▶ _Entries provided_
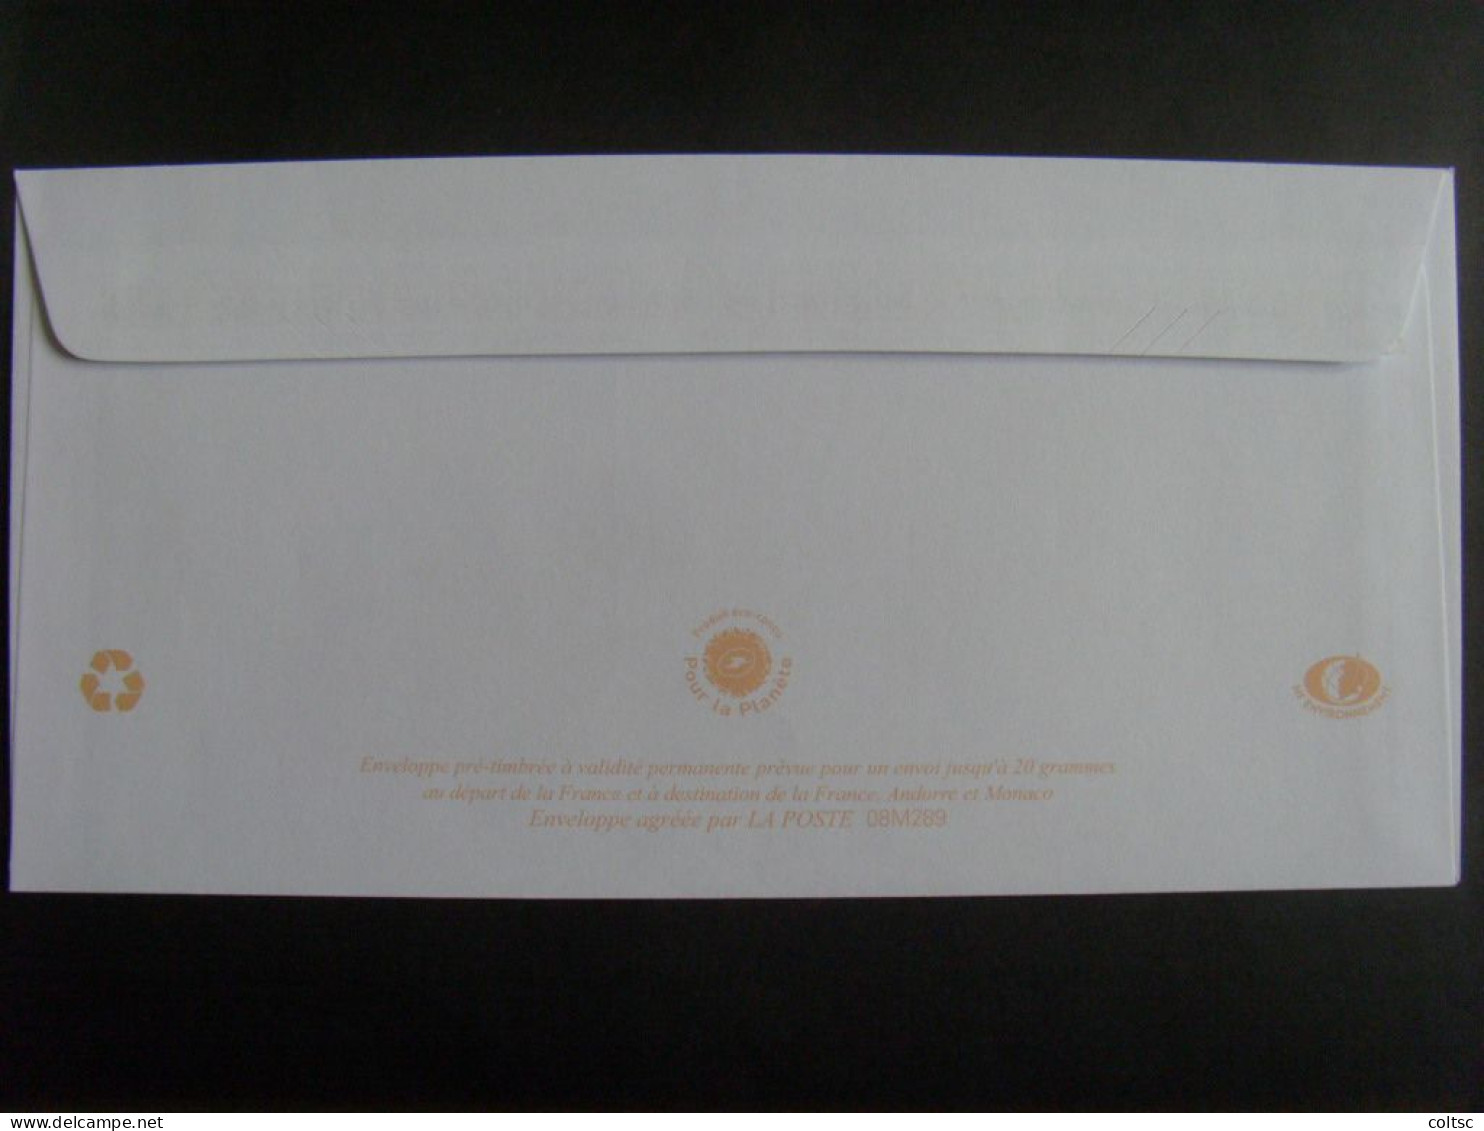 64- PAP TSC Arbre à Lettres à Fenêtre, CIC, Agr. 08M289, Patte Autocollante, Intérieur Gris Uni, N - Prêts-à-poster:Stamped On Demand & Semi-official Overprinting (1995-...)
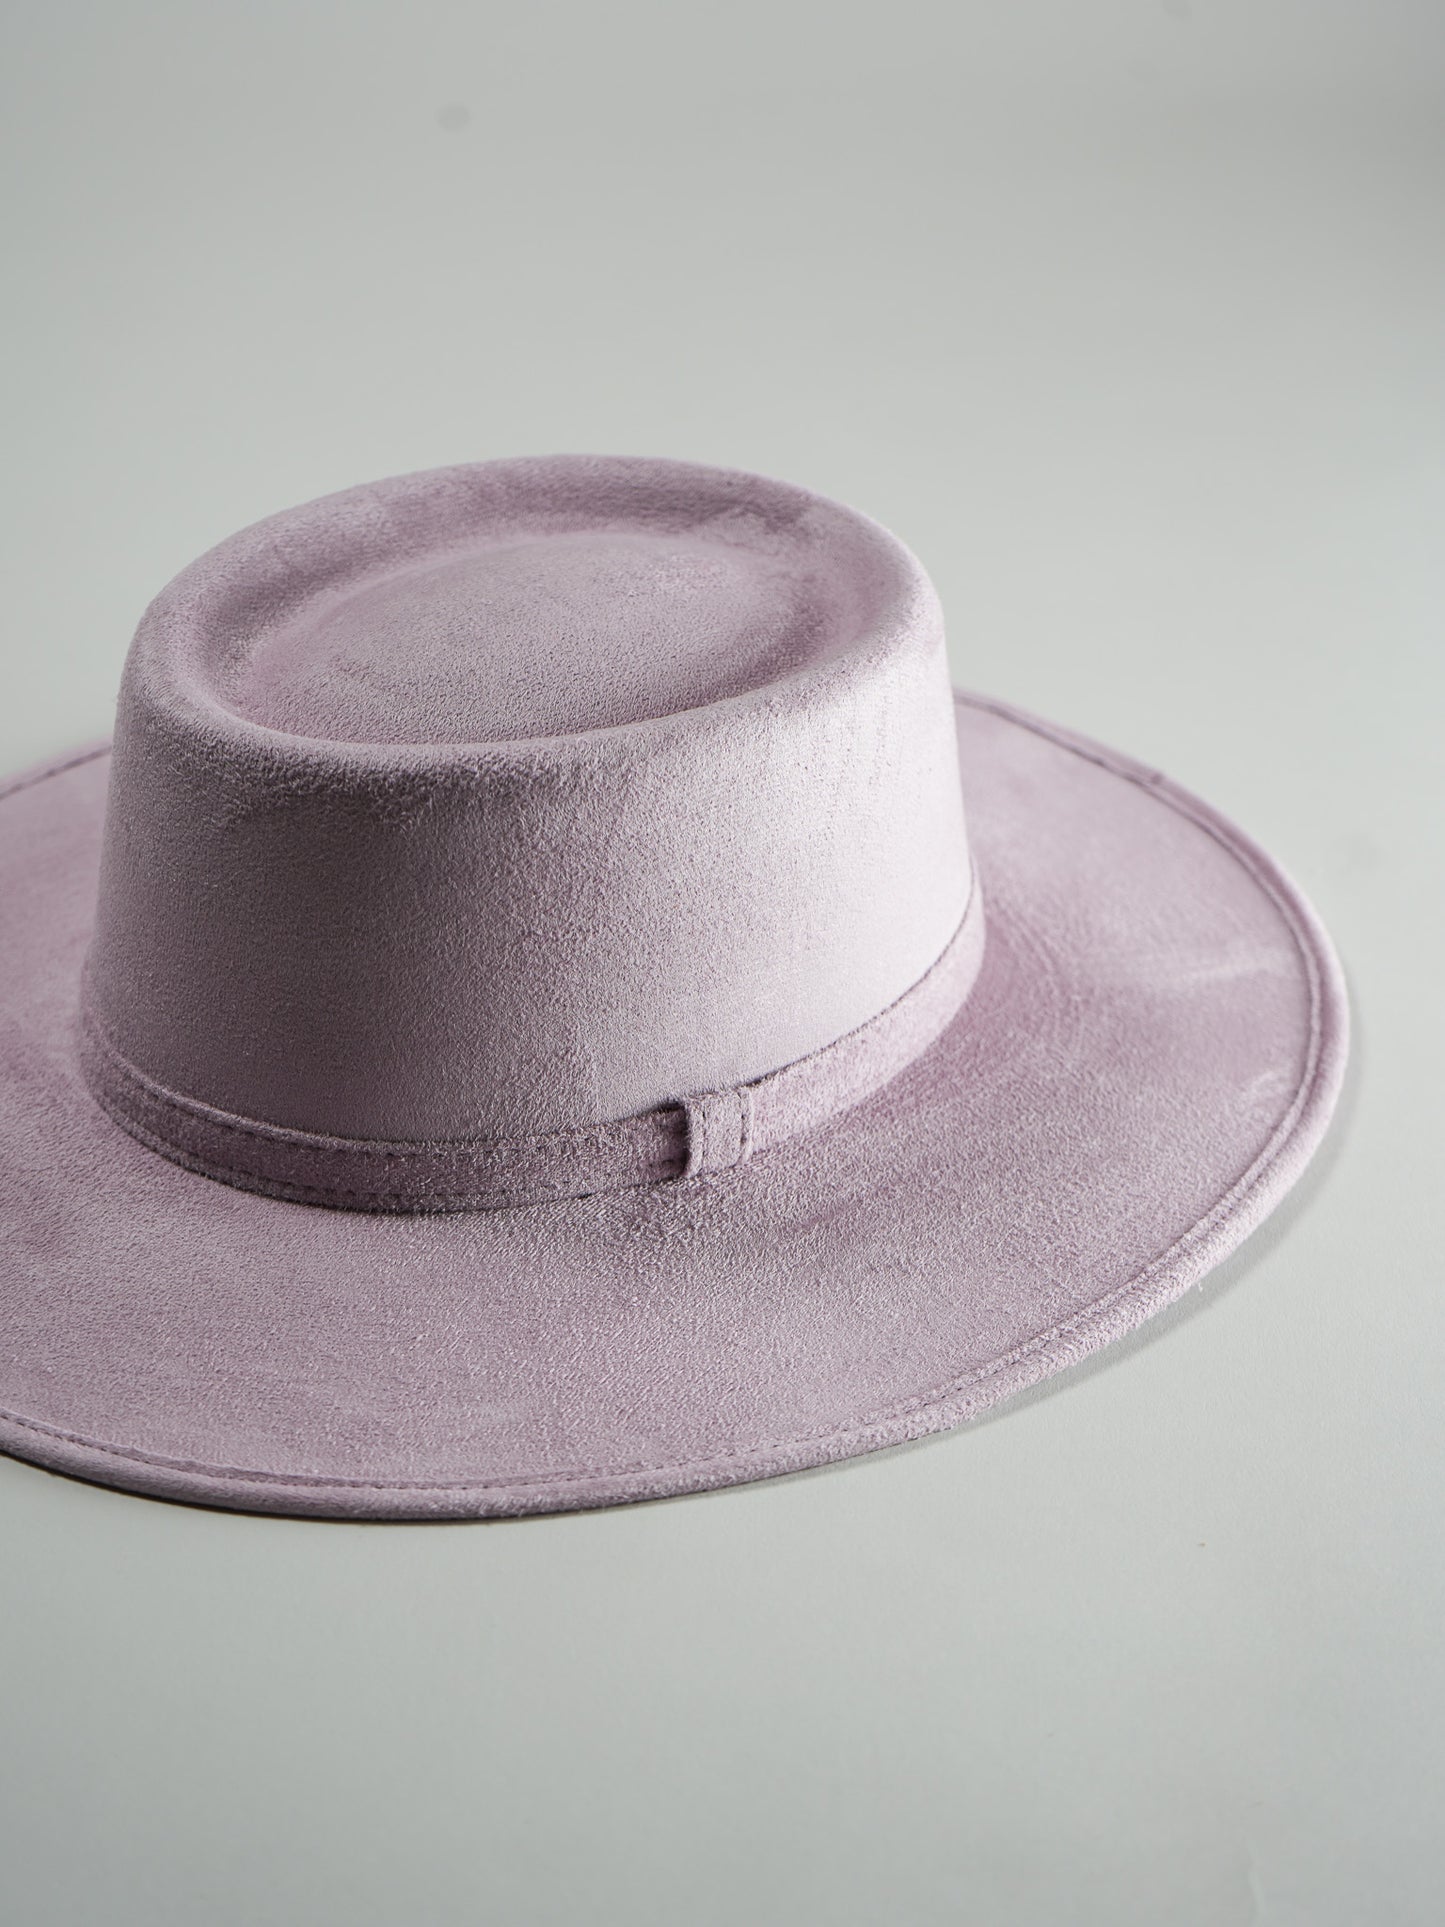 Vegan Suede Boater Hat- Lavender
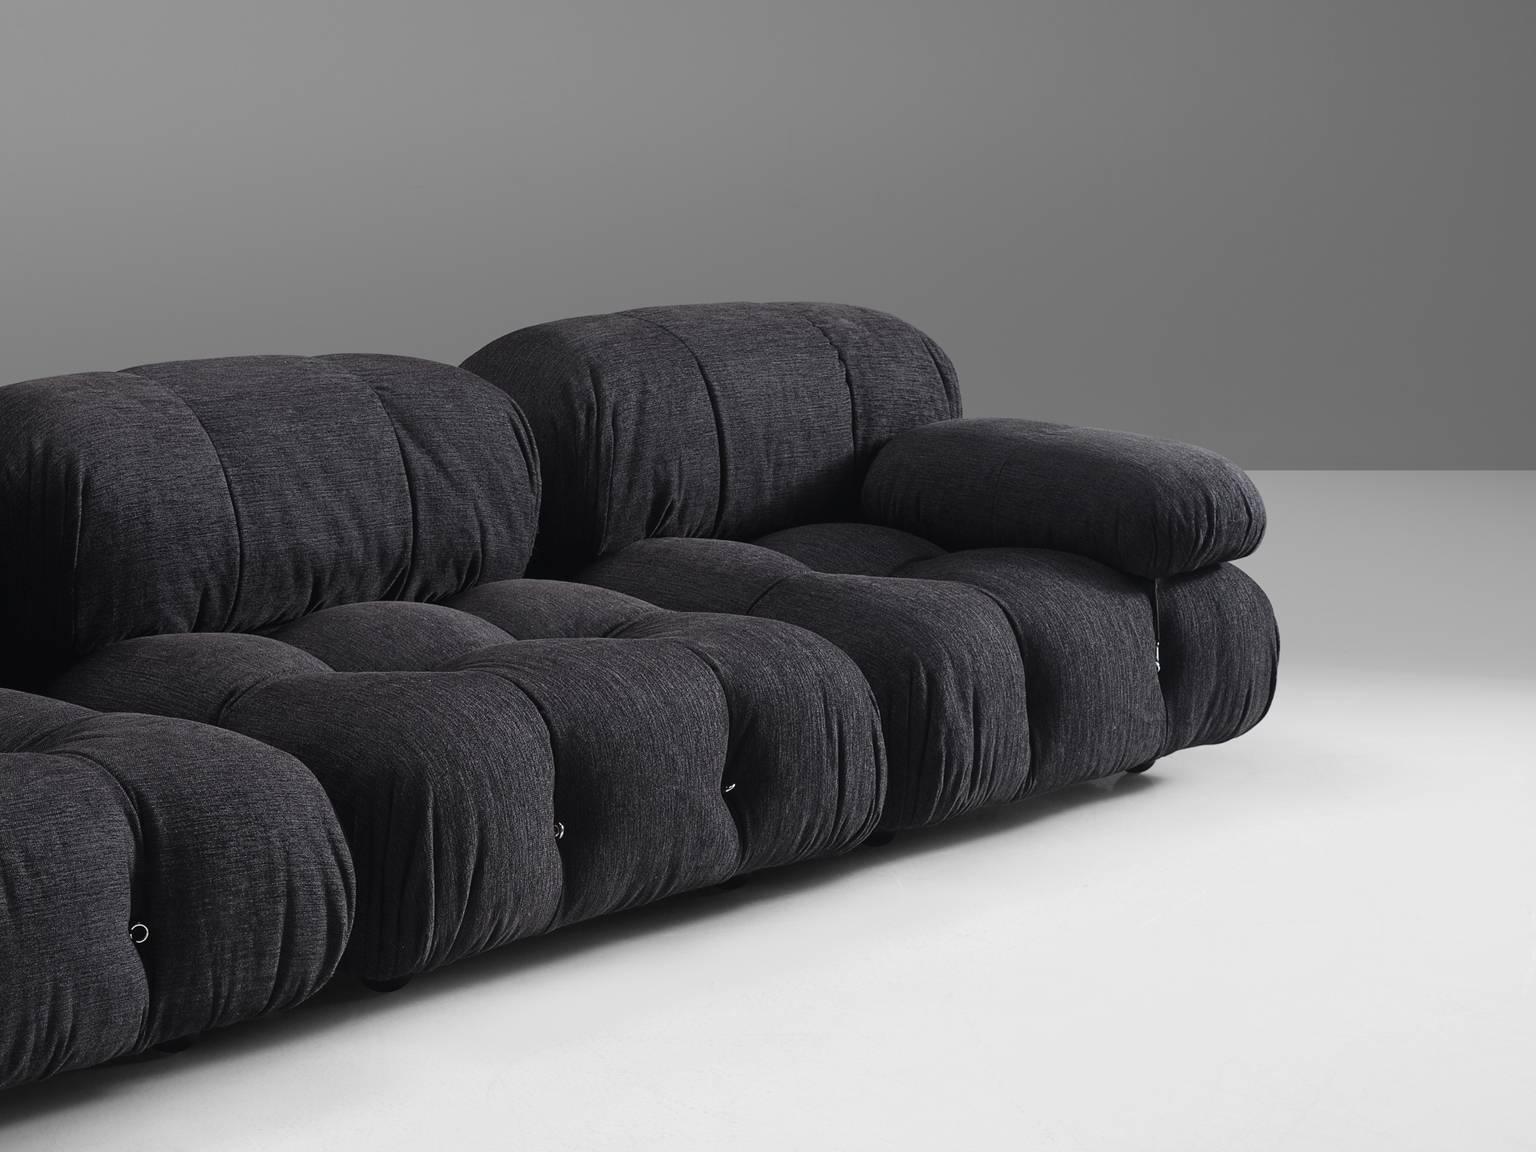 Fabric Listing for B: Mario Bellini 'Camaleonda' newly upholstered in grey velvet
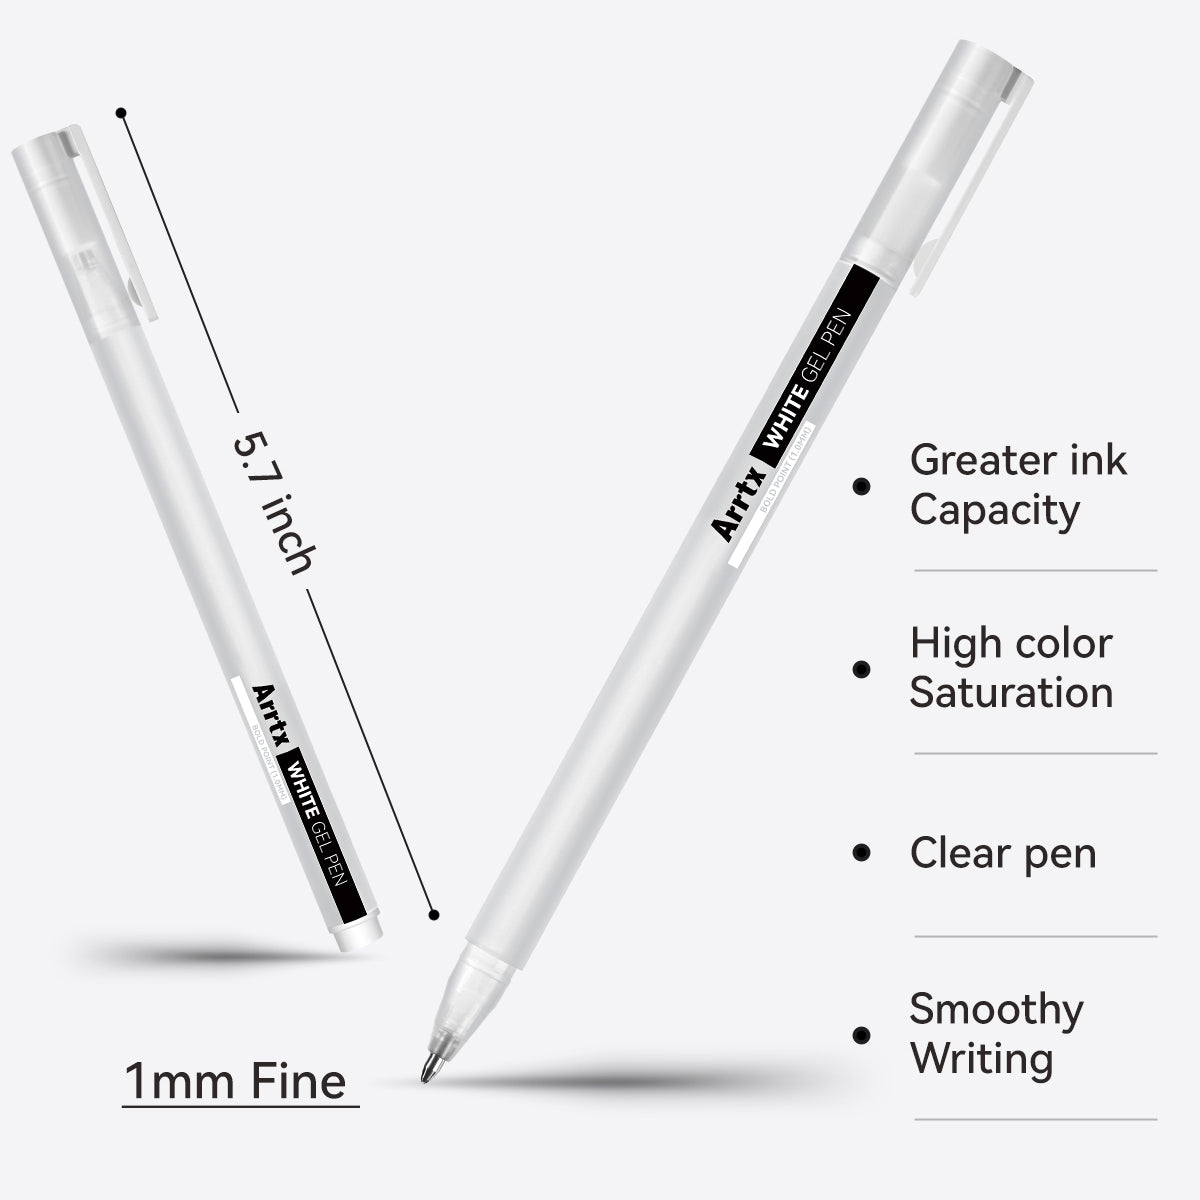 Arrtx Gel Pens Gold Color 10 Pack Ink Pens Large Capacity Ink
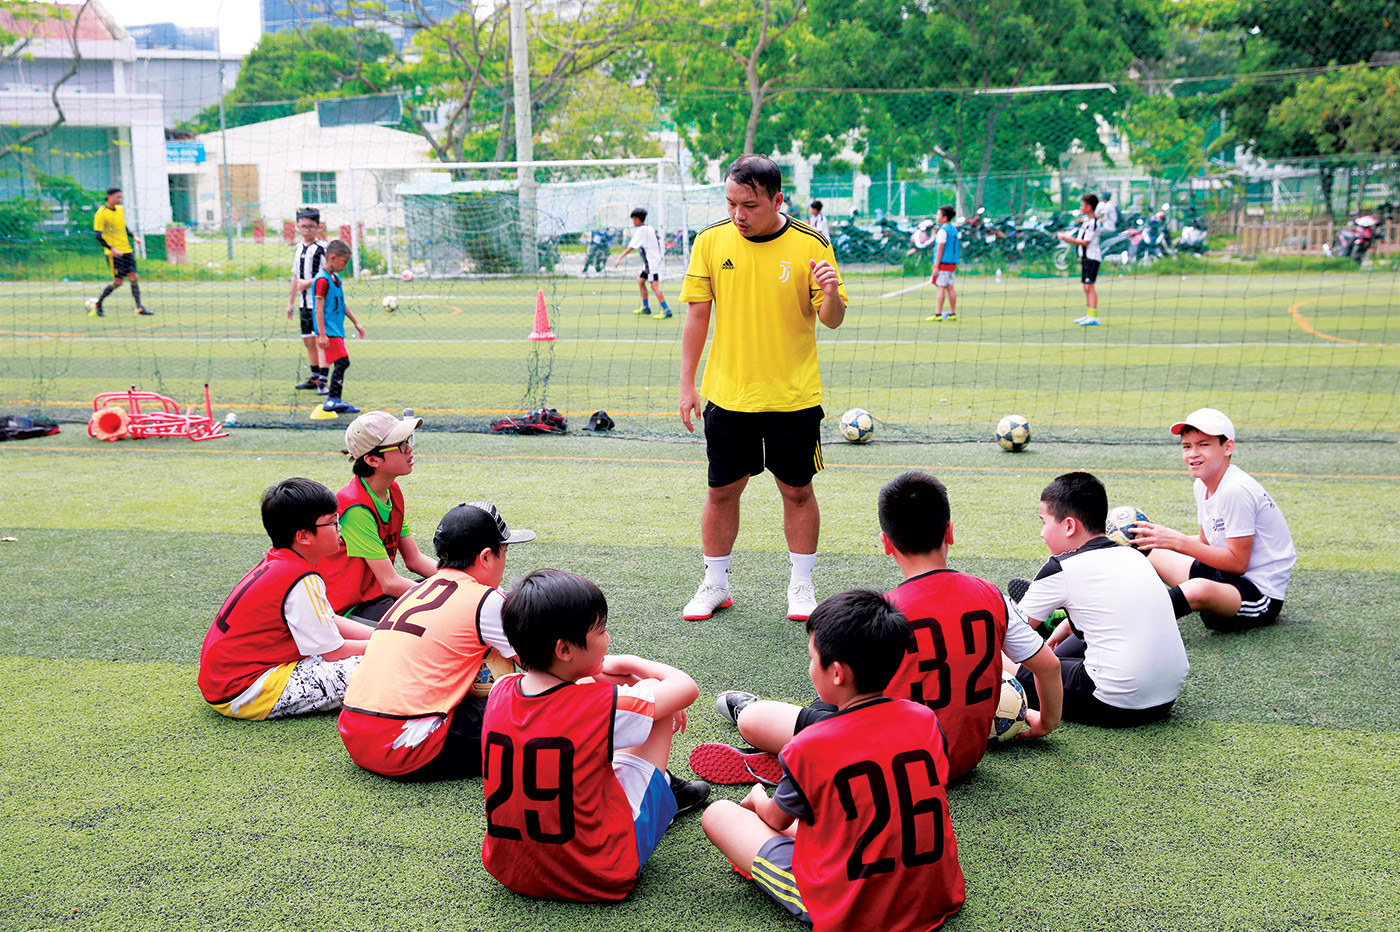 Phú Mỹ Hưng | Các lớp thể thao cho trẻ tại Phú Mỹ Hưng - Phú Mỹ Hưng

▶ _Task prompt_
If a record holds a picture, leave that picture out; retype everything else exactly.

▶ _Response area_
 64- PAP TSC Arbre à Lettres à Fenêtre, CIC, Agr. 08M289, Patte Autocollante, Intérieur Gris Uni, N - Prêts-à-poster:Stamped On Demand & Semi-official Overprinting (1995-...)
 Vegan Suede Boater Hat- Lavender
 Fabric Listing for B: Mario Bellini 'Camaleonda' newly upholstered in grey velvet
 Arrtx Gel Pens Gold Color 10 Pack Ink Pens Large Capacity Ink
 Phú Mỹ Hưng | Các lớp thể thao cho trẻ tại Phú Mỹ Hưng - Phú Mỹ Hưng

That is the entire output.